--- DATA SHOWN ---

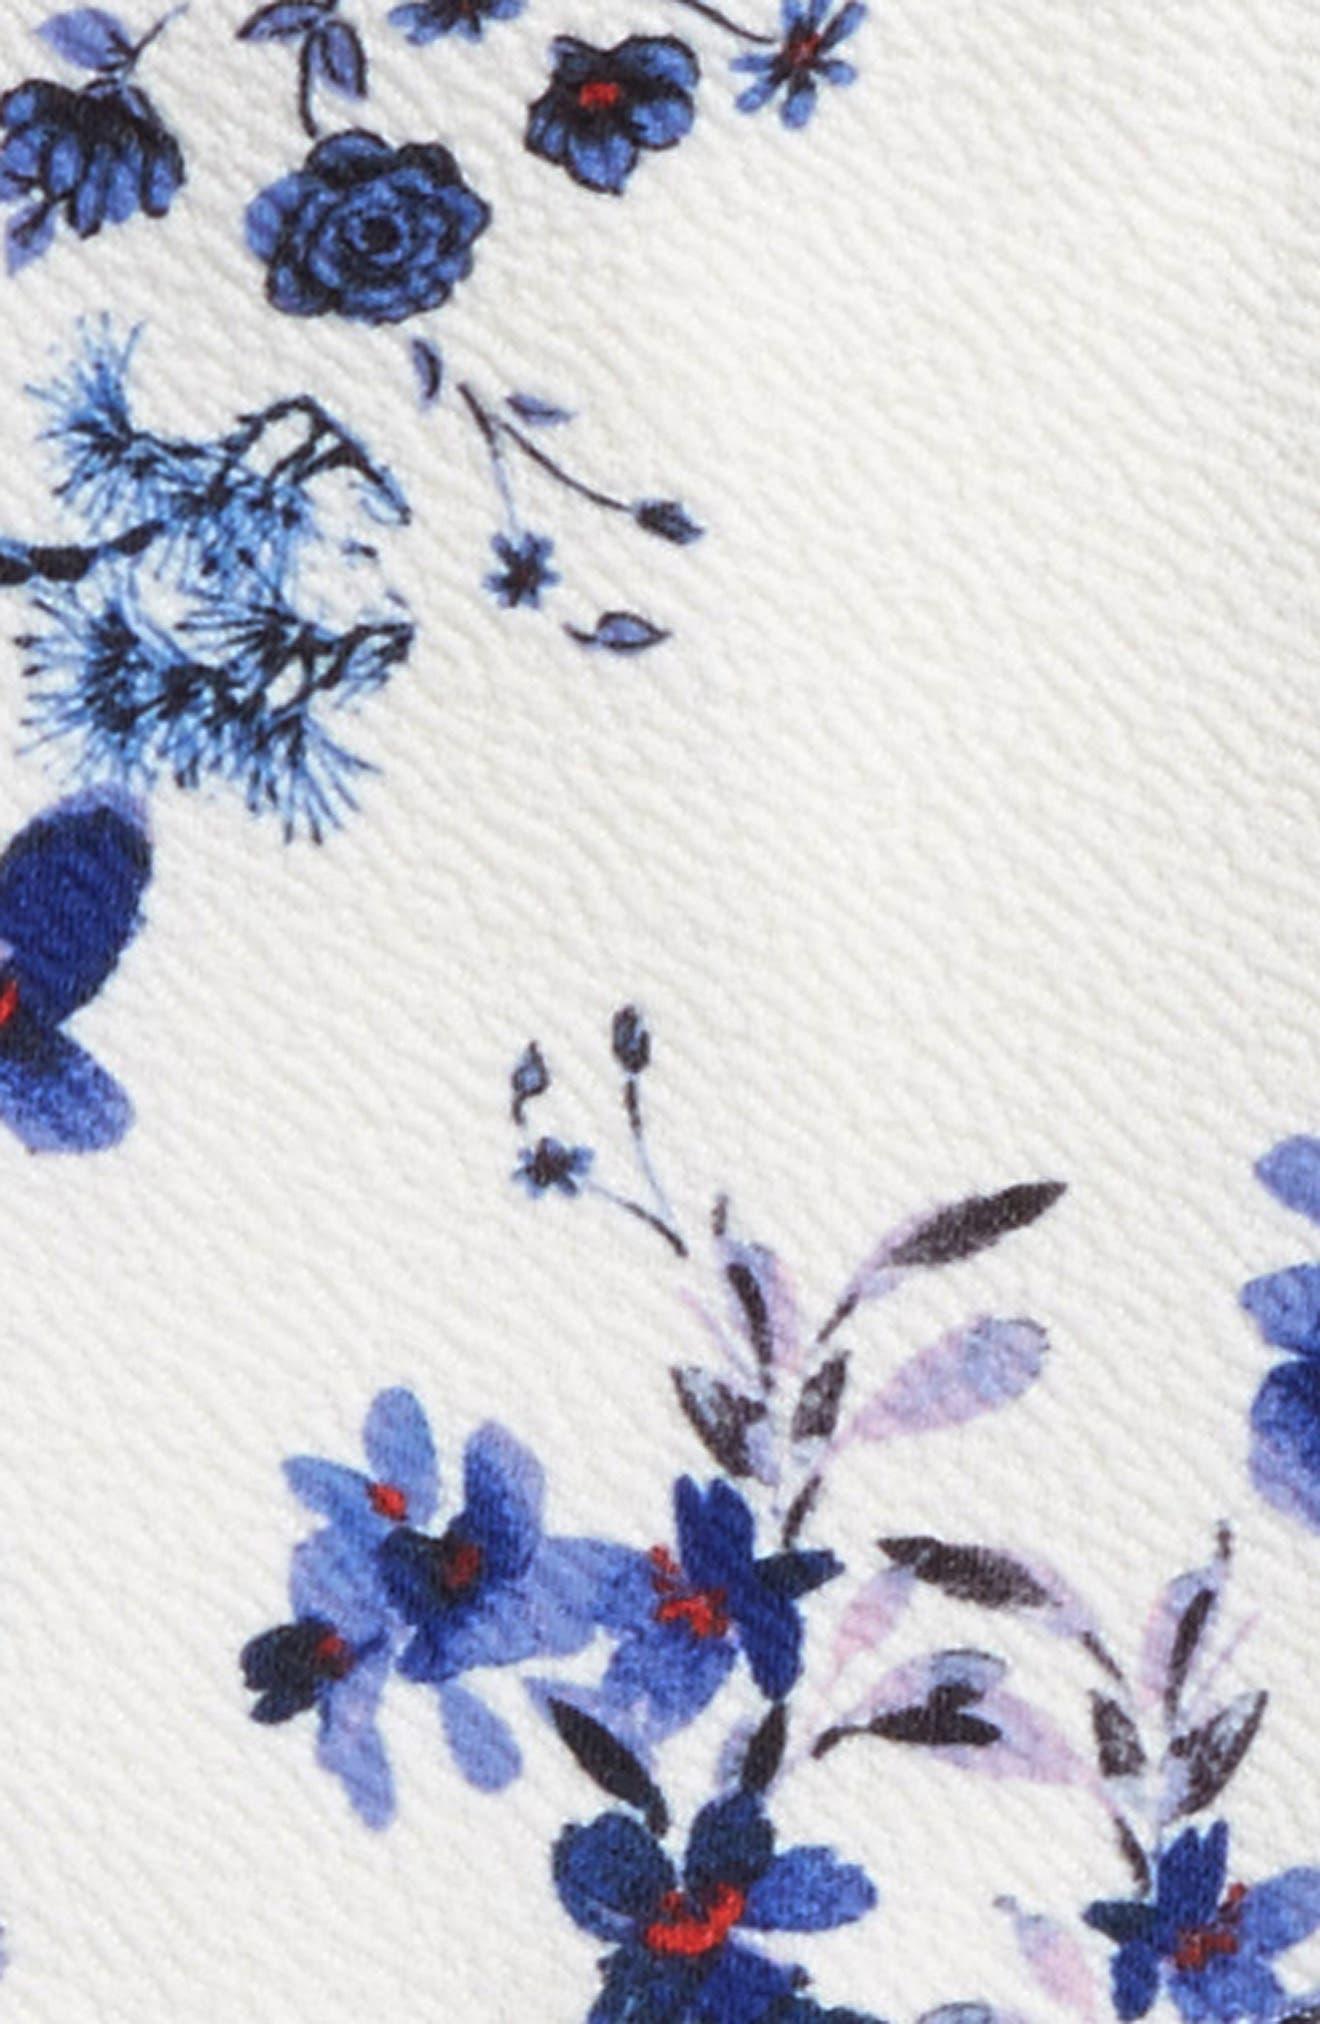 Floral Print Skater Dress,                             Alternate thumbnail 3, color,                             111
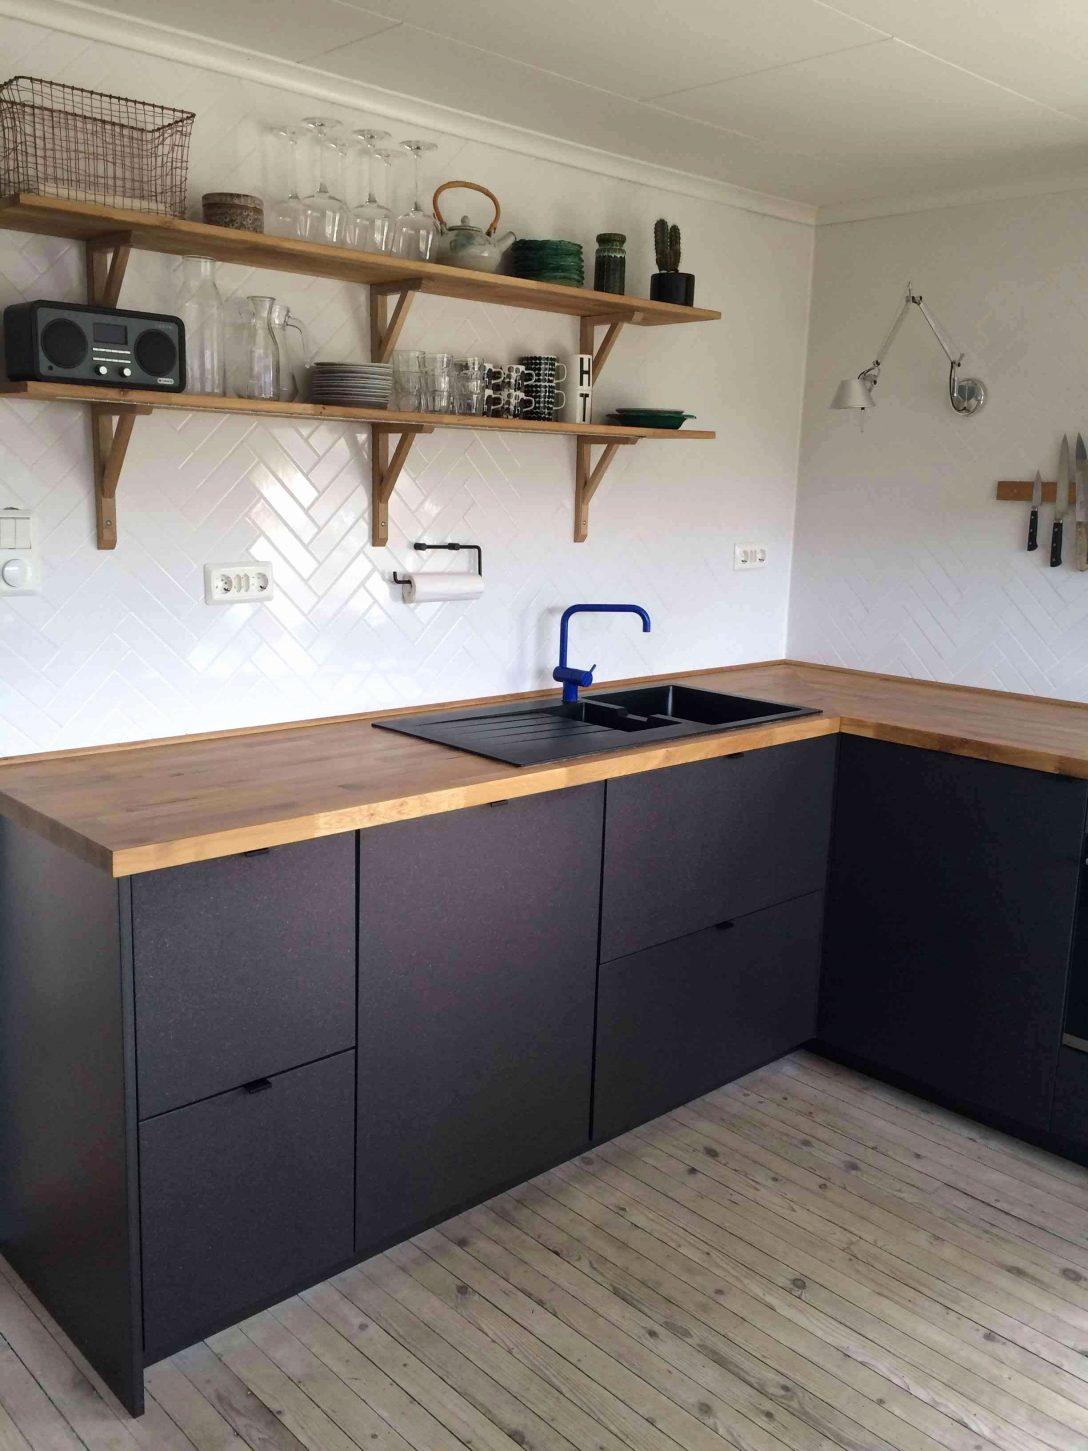 Large Size of Ikea Küchen Unterschrank Nvowuhftxbckzl7 Küche Küche Blende
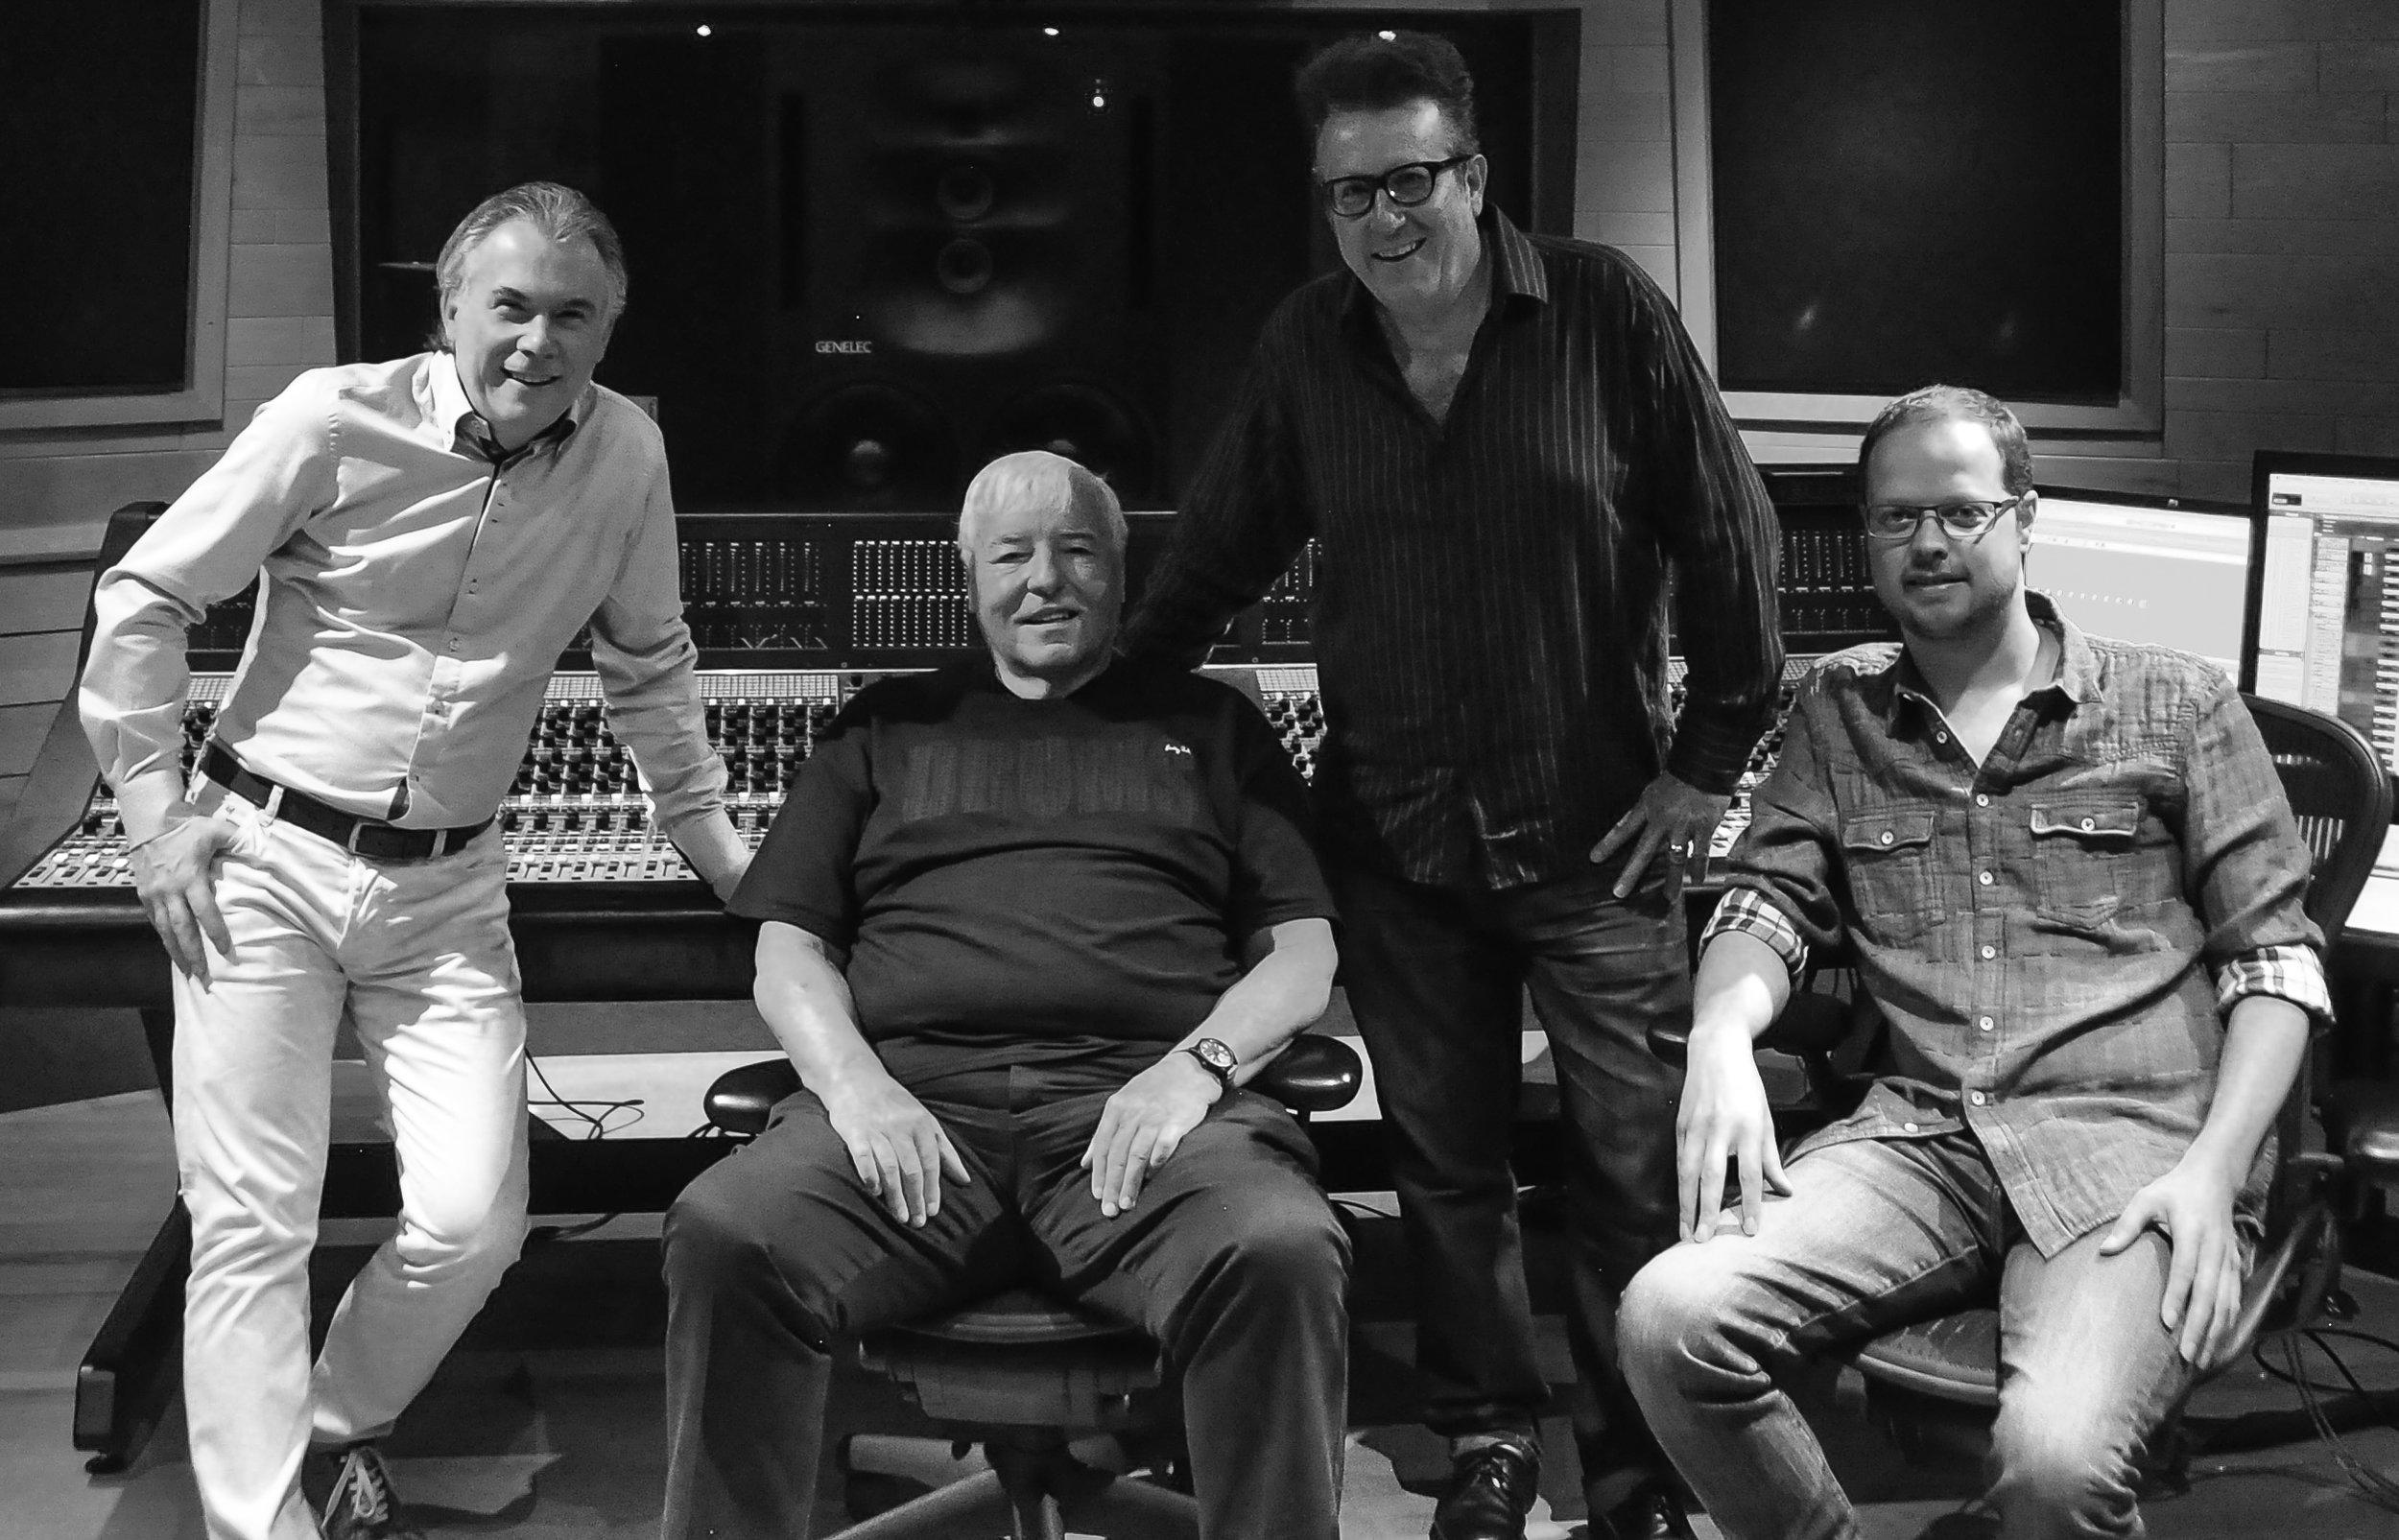 Wilifried, Gary , Bernie & Patrick at Galaxy

---

Print the whole listing again exactly, please. No pictures.

 Floral Print Skater Dress,                             Alternate thumbnail 3, color,                             111
 Large Size of Ikea Küchen Unterschrank Nvowuhftxbckzl7 Küche Küche Blende
 Wilifried, Gary , Bernie & Patrick at Galaxy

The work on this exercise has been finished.